Lenna Reardon, one of the juniors, loved the outing. She believes the hands-on experiences the Outdoor Studies Program provides has helped her to be more aware of things happening locally.

“It makes me feel like I could do much more than sit in a classroom. I can actually test water and see how I can make a difference, instead of thinking it’s too far gone,” she said. “They’re teaching us to be more aware of our surroundings.”

Reardon’s classmate, Josh Weadick, explained what he’s been learning about how Lake Coeur d’Alene’s water quality is in danger.

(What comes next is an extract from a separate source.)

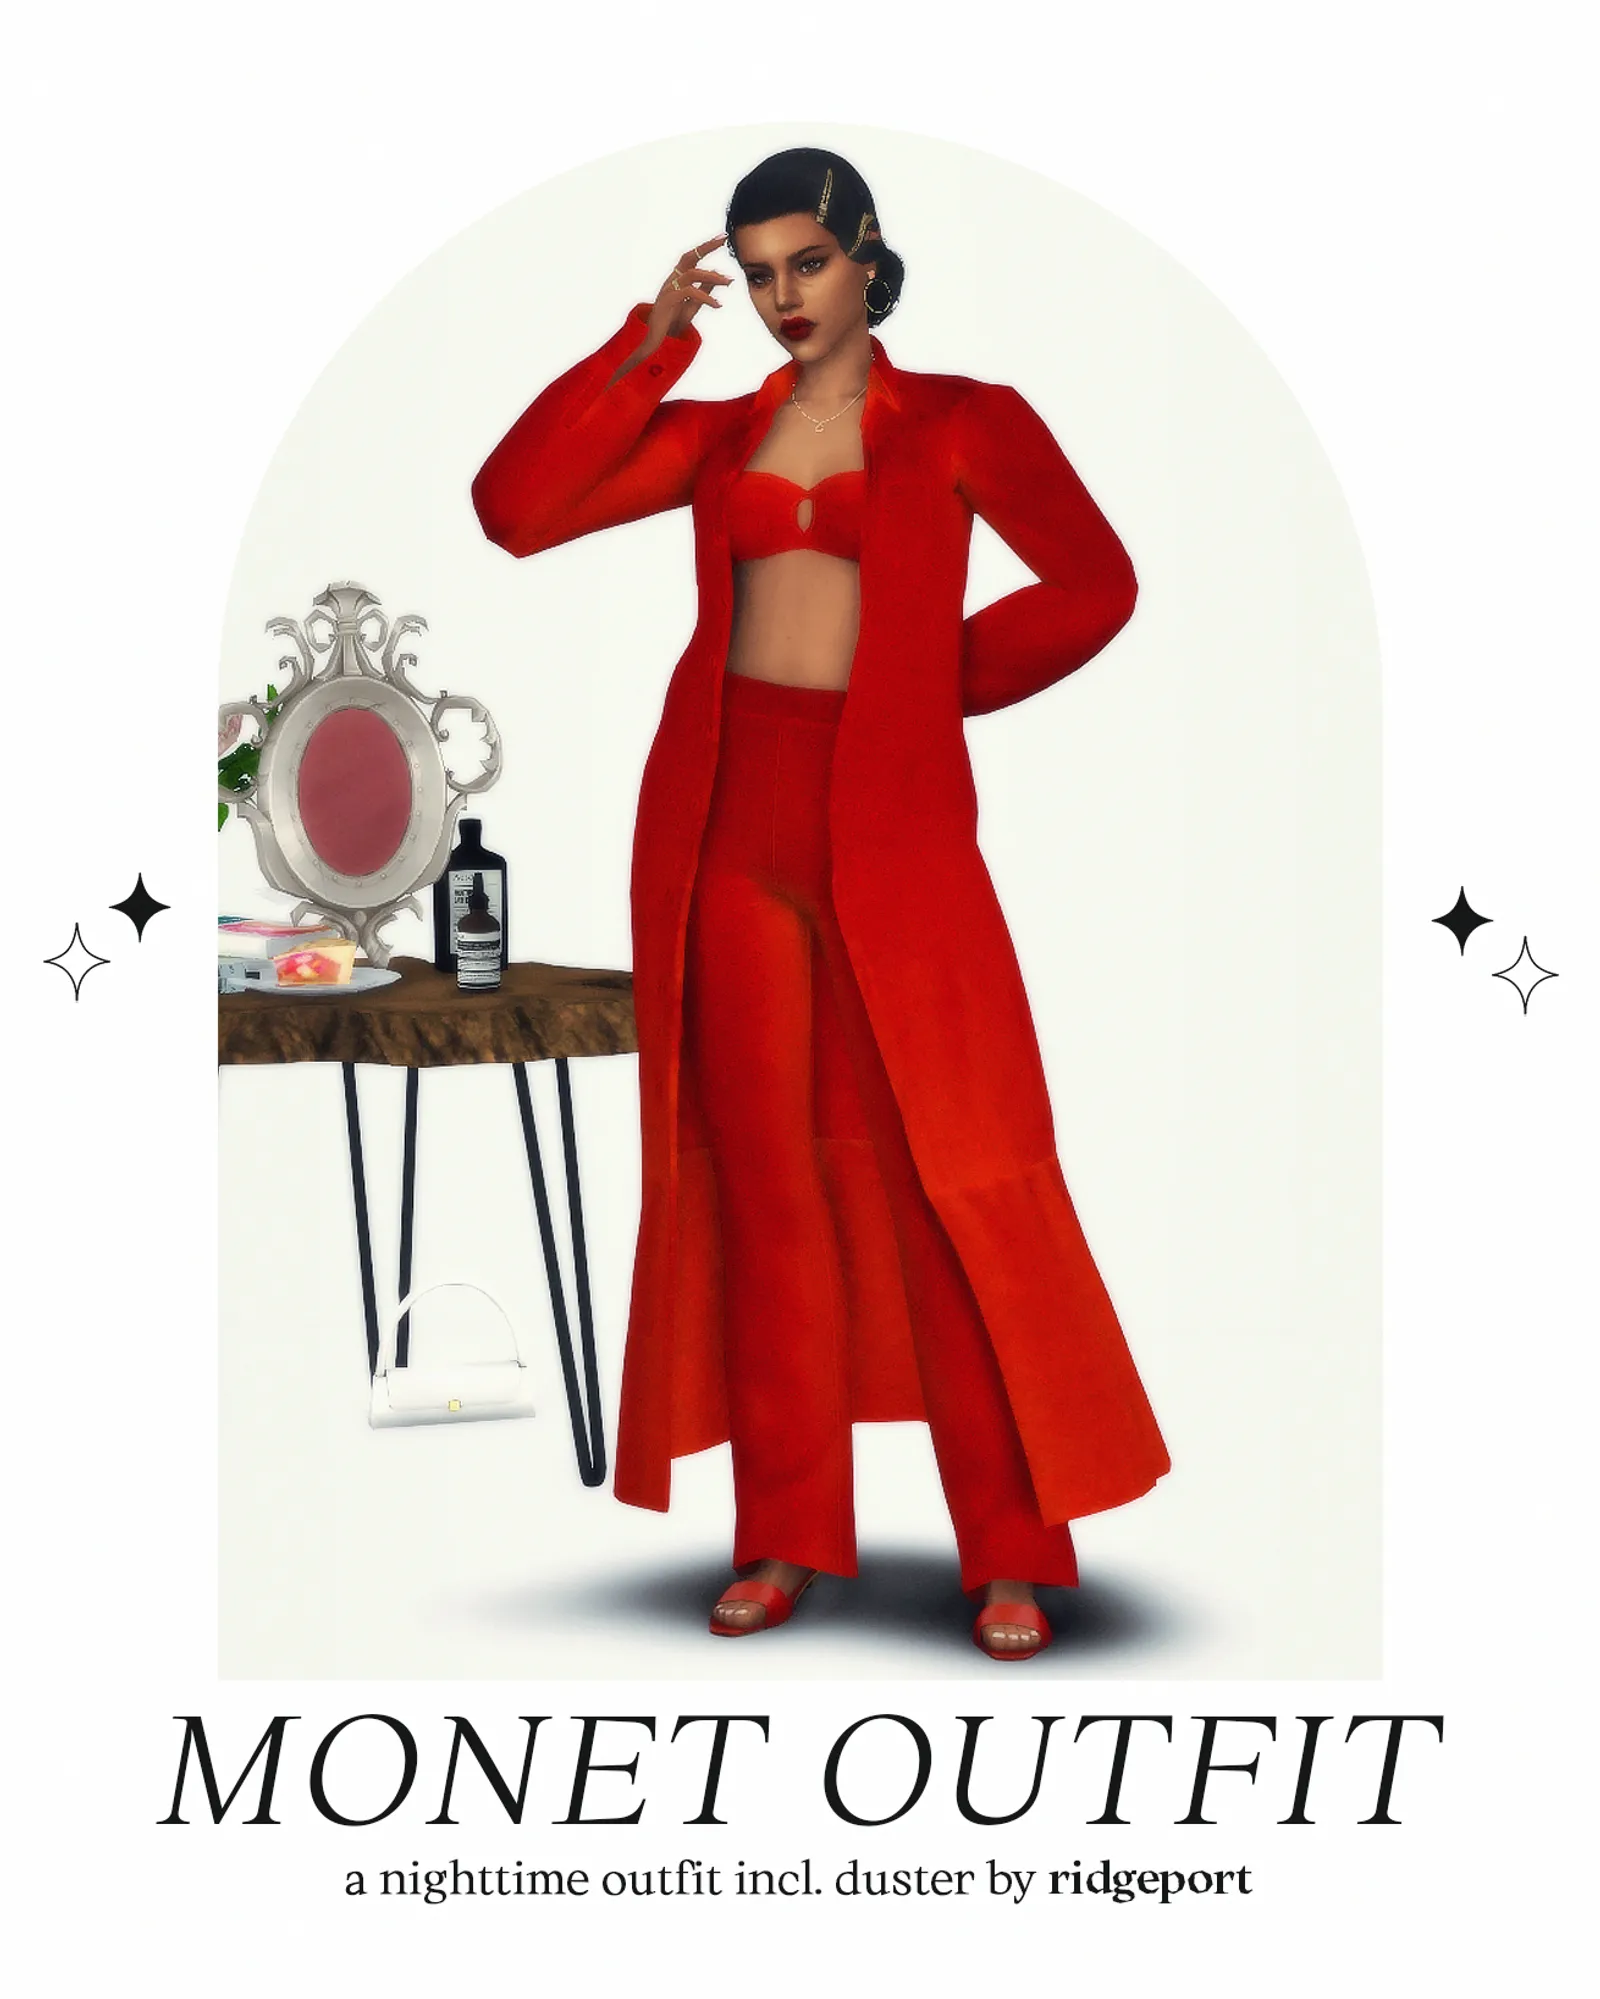 monet outfit ·

“There’s been a problem with heavy metals washing downstream from mining towns like Kellogg,” he explained. “Oxygen keeps those metals on the bottom of the lake, but with decomposing plants affecting oxygen levels as well as algae blooms being eaten by bacteria, oxygen levels could get too low, letting those settled heavy metals rise, contaminating the water and affecting wildlife.”

“It’s a big cycle and very confusing,” Reardon added. “Not a lot of people understand it and no one is really seeing that pollution is rising and water quality is going down. For us, it’s going to affect our kids.”

The students also worked with a professional from the community water resource center with the University of Idaho in Coeur d’Alene, some waterkeepers, and received a history lesson from Quanah Matheson, the cultural director for the Coeur d’Alene Tribe.

The district’s superintendent, Matt Handelman, accompanied the students on their field trip to learn a thing or two about water quality for himself. He also tagged along to see the great effects of experiential education.

“This plays a major role in connecting their learning to the real world,” he said of the Outdoor Studies Program. “The goal is to have a space where this can be the main thing for the school instead of a side thing.”

Lake City High School teacher Jamie Esler instructs Lake City juniors Josh Weadick, left, and Lenna Reardon on how to test water samples from the Spokane River on Tuesday at Blackwell Island. The students were testing the oxygen levels in the water as part of an outdoor studies class.